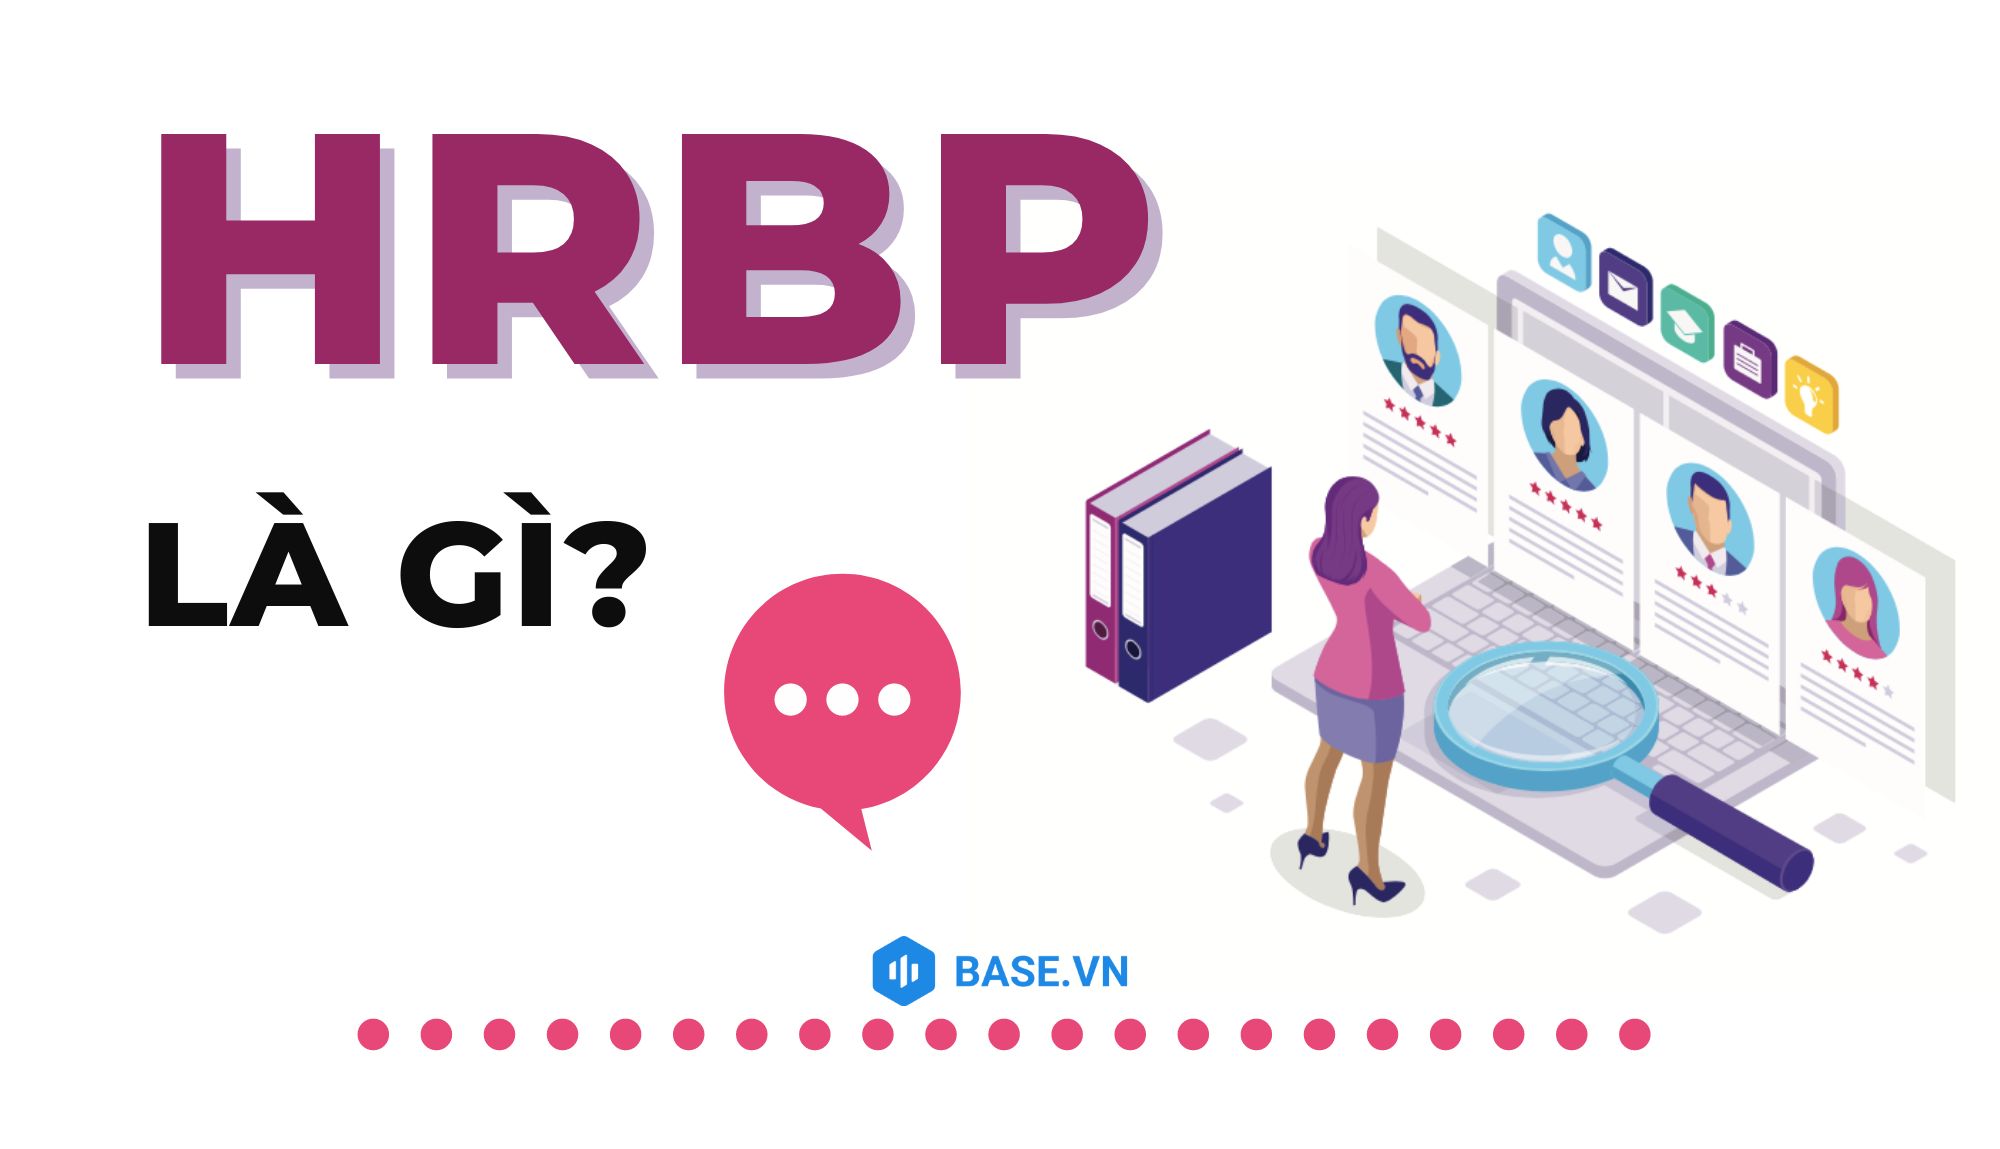 Tìm hiểu hrbp là viết tắt của từ gì và vai trò của người HRBP trong doanh nghiệp
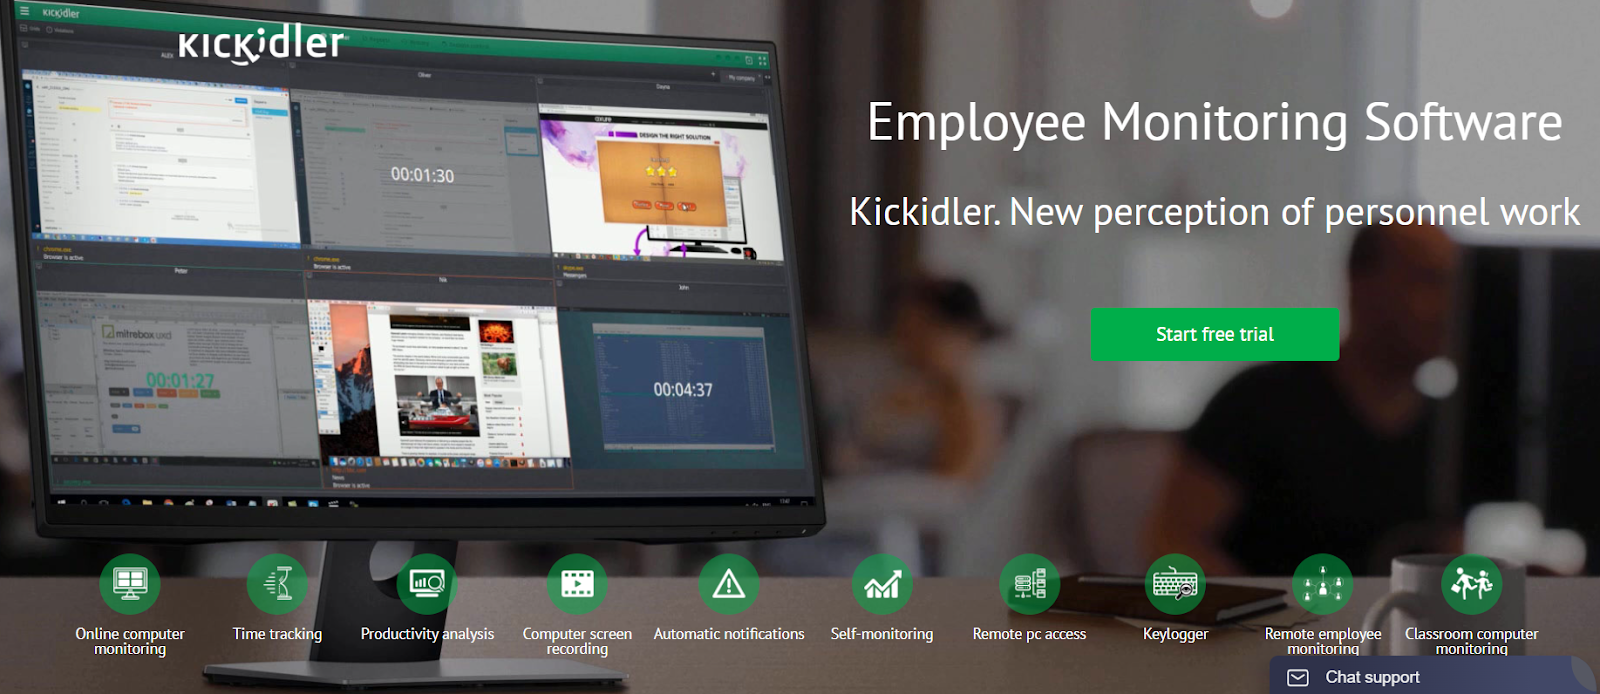 employee monitoring tool - kickidler
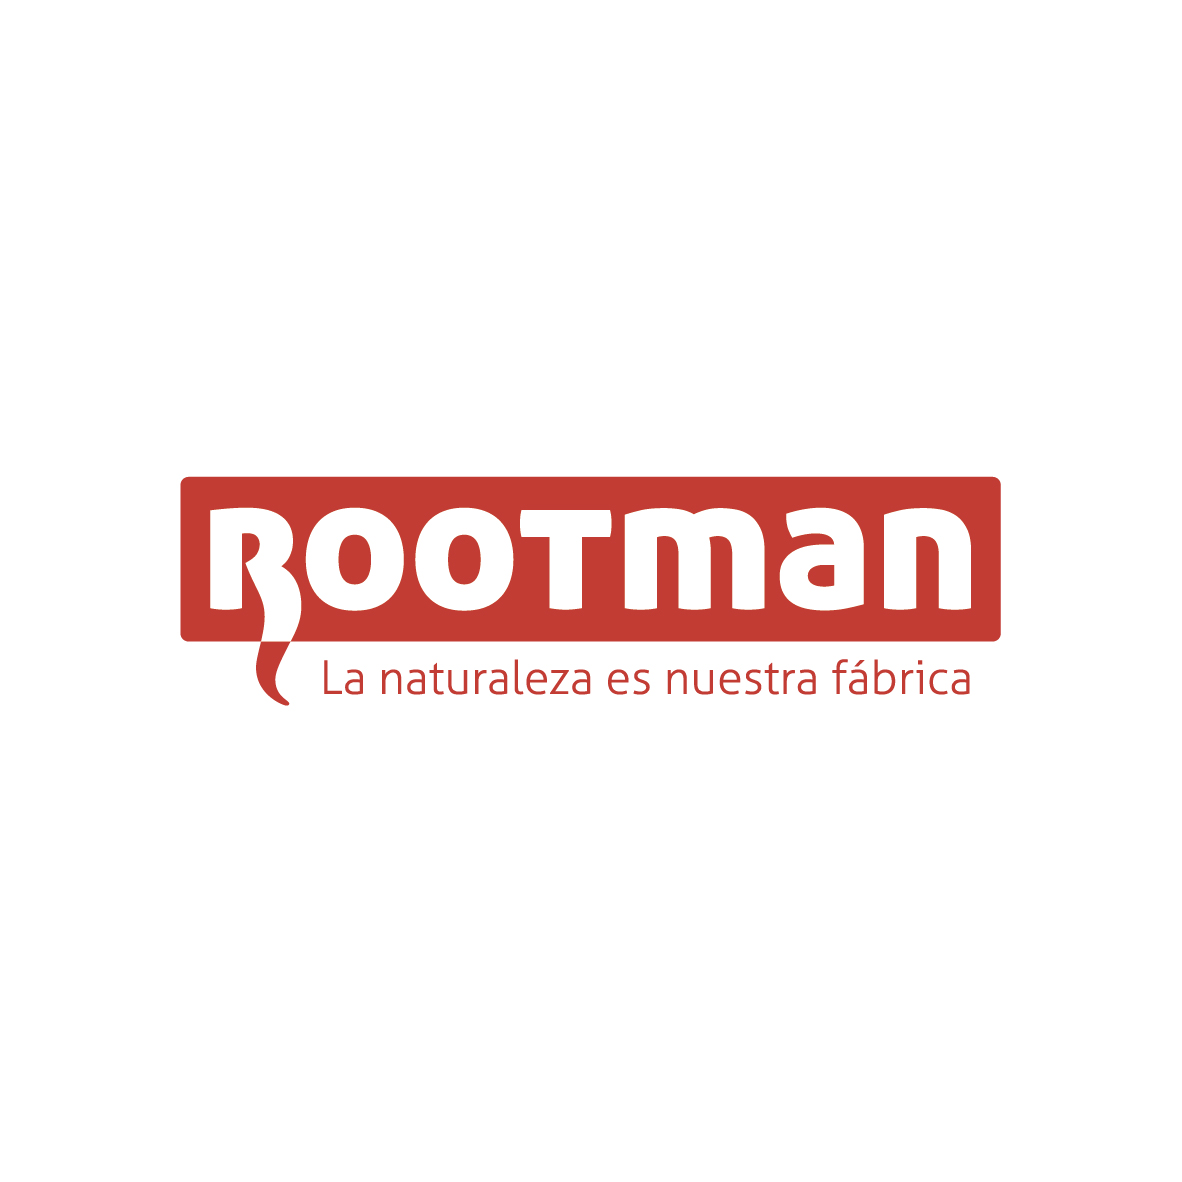 rootman

■ ■ ■ ■ ■ ■ ■

What to produce: All of the material above is to be copied exactly, except for its images.

Exercise answer:
 Tìm hiểu hrbp là viết tắt của từ gì và vai trò của người HRBP trong doanh nghiệp
 employee monitoring tool - kickidler
 rootman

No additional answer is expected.